When it comes to cops and the accused, the relationship is one of predator and prey. There are many factors at play, but the most significant comes down to power. As long as we have a class of people who are immune to the laws they enforce and hold a strict monopoly on legal violence, there will be abuse.
Many that die to police violence are victims of systemic racism, which is tied into the foundations of American policing. Corruption and structural abuse cannot be convinced away. The only solution is to stop it in its tracks, which means defunding and eventually abolishing the police as we know it.
Eric Garner, Philando Castile, Breonna Taylor, Justine Damond, George Floyd, Daunte Wright, Adam Toledo — these are just a few names out of thousands killed by police. Derek Chauvin’s guilty verdict was not a victory — it was the bare minimum.
What does it say about our standards when a guilty verdict for a murder caught on video is worth a martyr? George Floyd didn’t “sacrifice his life for justice.” He had no say in the matter.
America’s police started as runaway slave patrols and publically funded mercenaries for political machines. Today, our law enforcement’s budget would rank it as the world’s third largest military, and the force acts like it. Police are not obligated to protect you, but they are protected from you and will use their power to terrorize your neighborhood. Cops and the Klan often go hand-in-hand, which isn’t anything new. For over 100 years, there have been cop-centric KKK chapters all over the country. In the 1980s, the police department of Jefferson County, Kentucky knew of and tolerated a subgroup of 40 Klan members, half of whom were within their ranks.
Additionally, police use escalating violence as both a cause and a justification for more violence. In many states, officers have quotas to fill and will plant evidence to do it.

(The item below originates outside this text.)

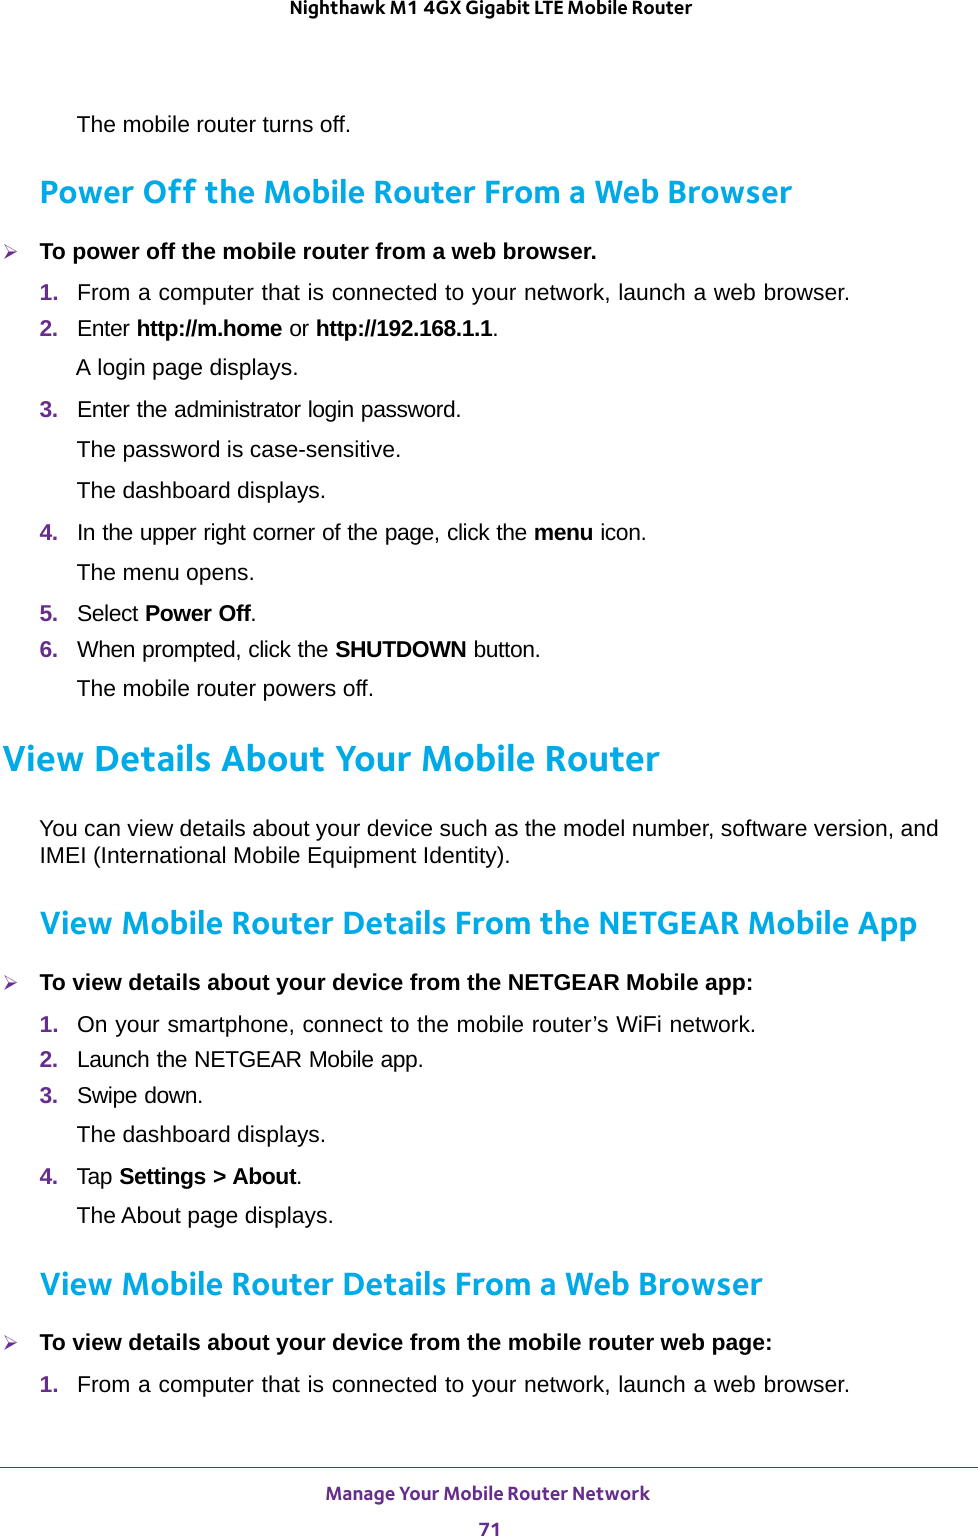 Manage Your Mobile Router Network 71 Nighthawk M1 4GX Gigabit LTE Mobile RouterThe mobile router turns off.Power Off the Mobile Router From a Web BrowserTo power off the mobile router from a web browser.1.  From a computer that is connected to your network, launch a web browser.2.  Enter http://m.home or http://192.168.1.1.A login page displays.3.  Enter the administrator login password.The password is case-sensitive.The dashboard displays.4.  In the upper right corner of the page, click the menu icon.The menu opens.5.  Select Power Off.6.  When prompted, click the SHUTDOWN button.The mobile router powers off.View Details About Your Mobile RouterYou can view details about your device such as the model number, software version, and IMEI (International Mobile Equipment Identity).View Mobile Router Details From the NETGEAR Mobile AppTo view details about your device from the NETGEAR Mobile app:1.  On your smartphone, connect to the mobile router’s WiFi network.2.  Launch the NETGEAR Mobile app.3.  Swipe down.The dashboard displays.4.  Tap Settings &gt; About.The About page displays.View Mobile Router Details From a Web BrowserTo view details about your device from the mobile router web page:1.  From a computer that is connected to your network, launch a web browser.

With the conclusion of the Chauvin trial, many politicians have been rallying around police reform. If President Joe Biden was just wanting to make up for his 1994 Crime Bill, he’s got a helluva list of issues to choose from.
Most of Biden’s plans involve throwing more money at the issue until it goes away, but that has never worked and is a cause of our overinflated police budget today. Major Texas cities tend to spend over one-third of their general fund on policing. Police budget money could more effectively prevent crime by reducing poverty, creating social programs, funding education and just about anything other than buying more riot gear and military-grade weapons.
For every weekly, controversial police shooting, millions flock to defend the cops at all costs. As a result, slogans like “Blue Lives Matter” have spawned as if some people are assigned cop at birth. Apologists act as though any crime committed by law enforcement is not a crime by virtue of their occupation. Despite being upholders of the law, police are not often held to its standards. One excuse we always hear is, “I was afraid.” Well, we’re afraid too, mostly of you. When a non-cop utters that same phrase, the answer is apparently, “Yeah, you should be.”
Psychoticshoot-to-kill training and the fact that officers can be rejected from the force if they’re too intelligent creates a recipe for disaster. Ninety-five percent of police calls are for non-violent situations, yet they seem ready to kill at the drop of a hat. Case after case has shown us that many of America’s police are too unstable to safely perform their duties without endangering the rest of us.
There aren’t just “a few bad apples.” The system is rotten to the core. Half-hearted reforms, like the ones that did nothing to prevent George Floyd’s death, solve nothing. You cannot treat the sickness within American policing when American policing is the sickness itself. Instead of investing another $300 million into America’s police, as Biden suggests, we need to defund our domestic pseudo-military. If just a fraction of law enforcement’s $100 billion budget went into revitalizing communities, we would be one step closer to a world where we don’t need the police. It may sound radical to some, but an unaccountable arm of the government is abusing its power and killing Americans. Radical problems need radical solutions.
Zachary Freeman is an anthropology junior and columnist for The Battalion.